Brad, Charles and James getting ready (photo by Kristi Drexler).

We headed out from the Ballerina Rd put-in late morning last Tuesday. We were at the Macal/Raspaculo confluence within a couple of hours.

The crew departing (photo by Kristi Drexler).

At the confluence we sat down for a nice lunch of quesadillas and other camping gourmet items. During our usual voracious consumption a couple of macaw flew in and alighted on a dead stump and began to get obviously upset with our presence. Wow...a new nest. Sweet! But how to gain access to this nest? That's the question...

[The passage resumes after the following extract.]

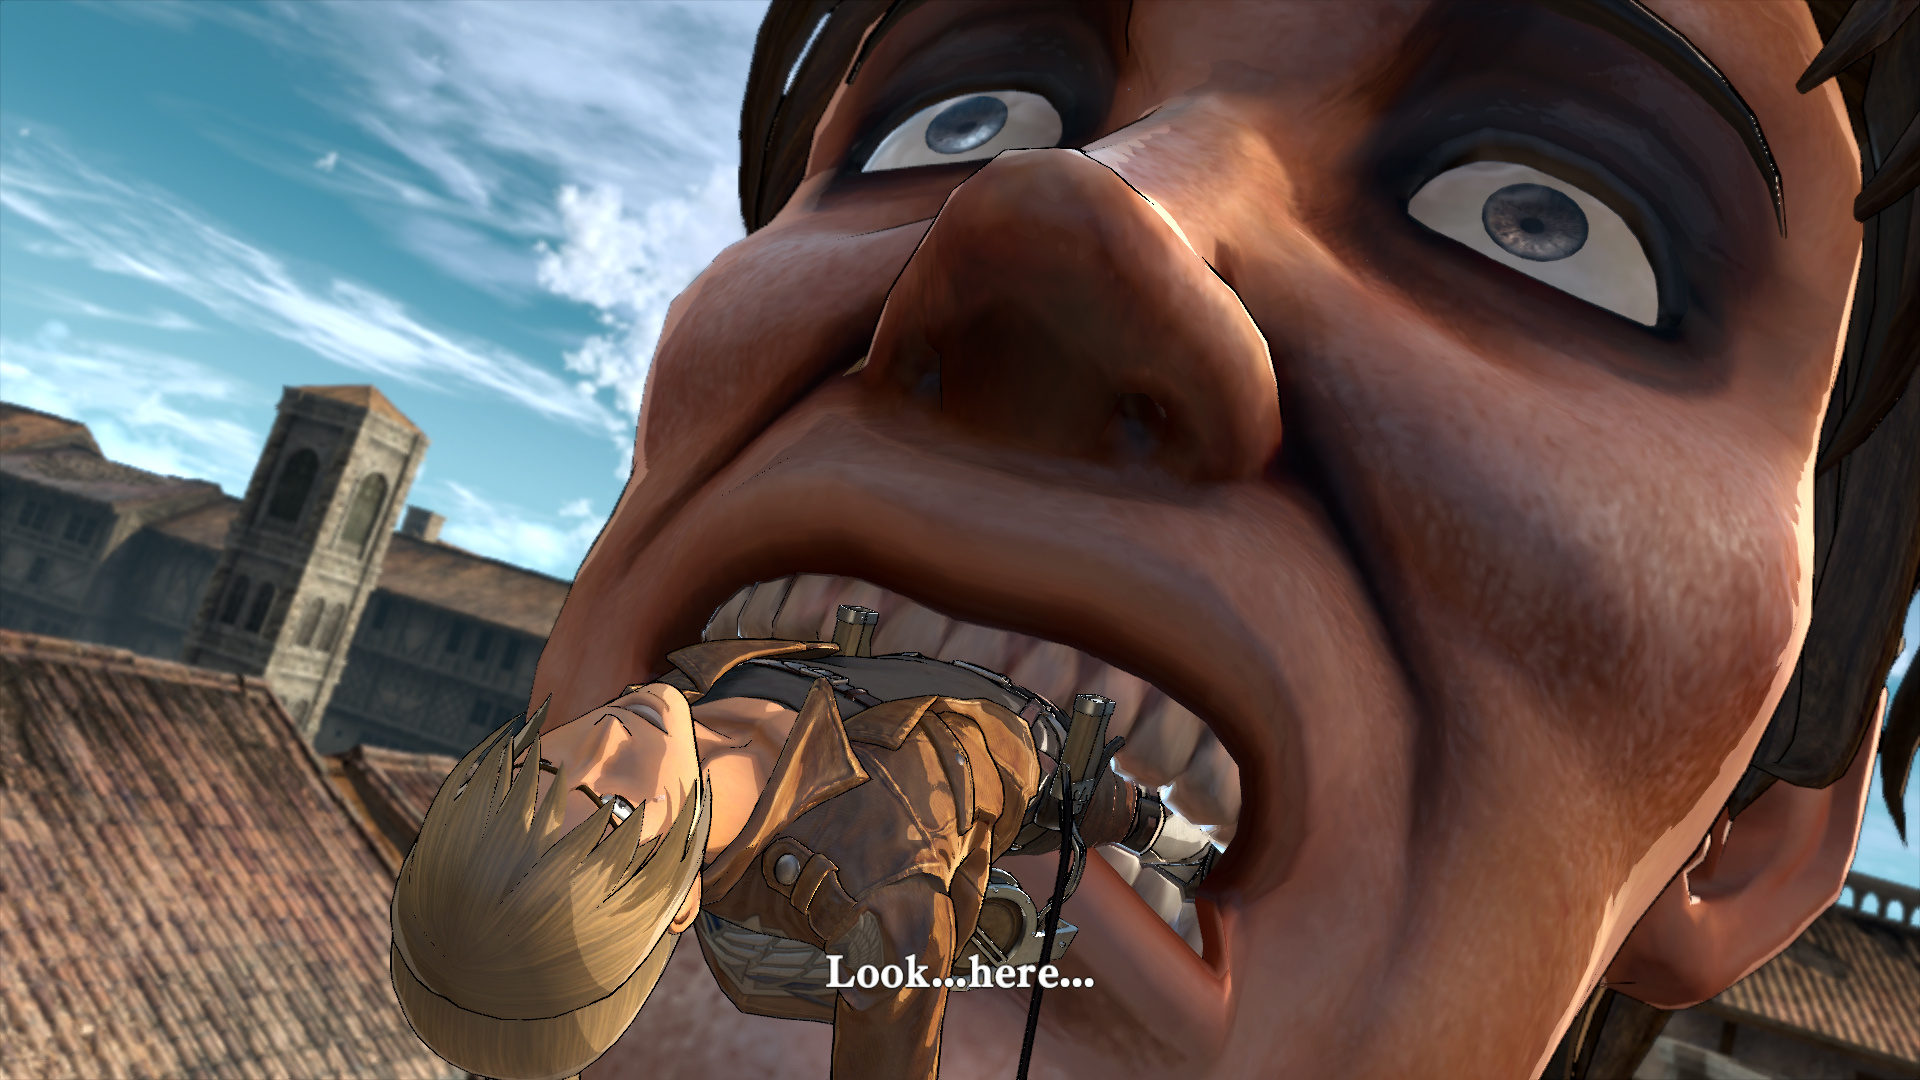 attack on titan game wings of freedom

Stumpy nest discovered during lunch.

James headed up to the spring on the Raspaculo Branch, not far from the confluence, to conduct more sampling of the fish present there. Meanwhile, Brad and I headed up the Macal to check the other nests. As luck would have it the wind was blowing hard so the two lucky shots that made it over were all for naught; the wind took out the slack in the line and kept us from being able to lower the line. After an hour we had to call it off and move on to the next nest.

An attentive mother.

Half an hour later we made it up to the nest we had to abandon the week before due to rain. Brad climbed this one and spotted two eggs and a newly hatched chick. Sweet! From there we high-tailed it back to the confluence and camped out at the spring.

No, James isn't dead, he's sampling fish in shallow water.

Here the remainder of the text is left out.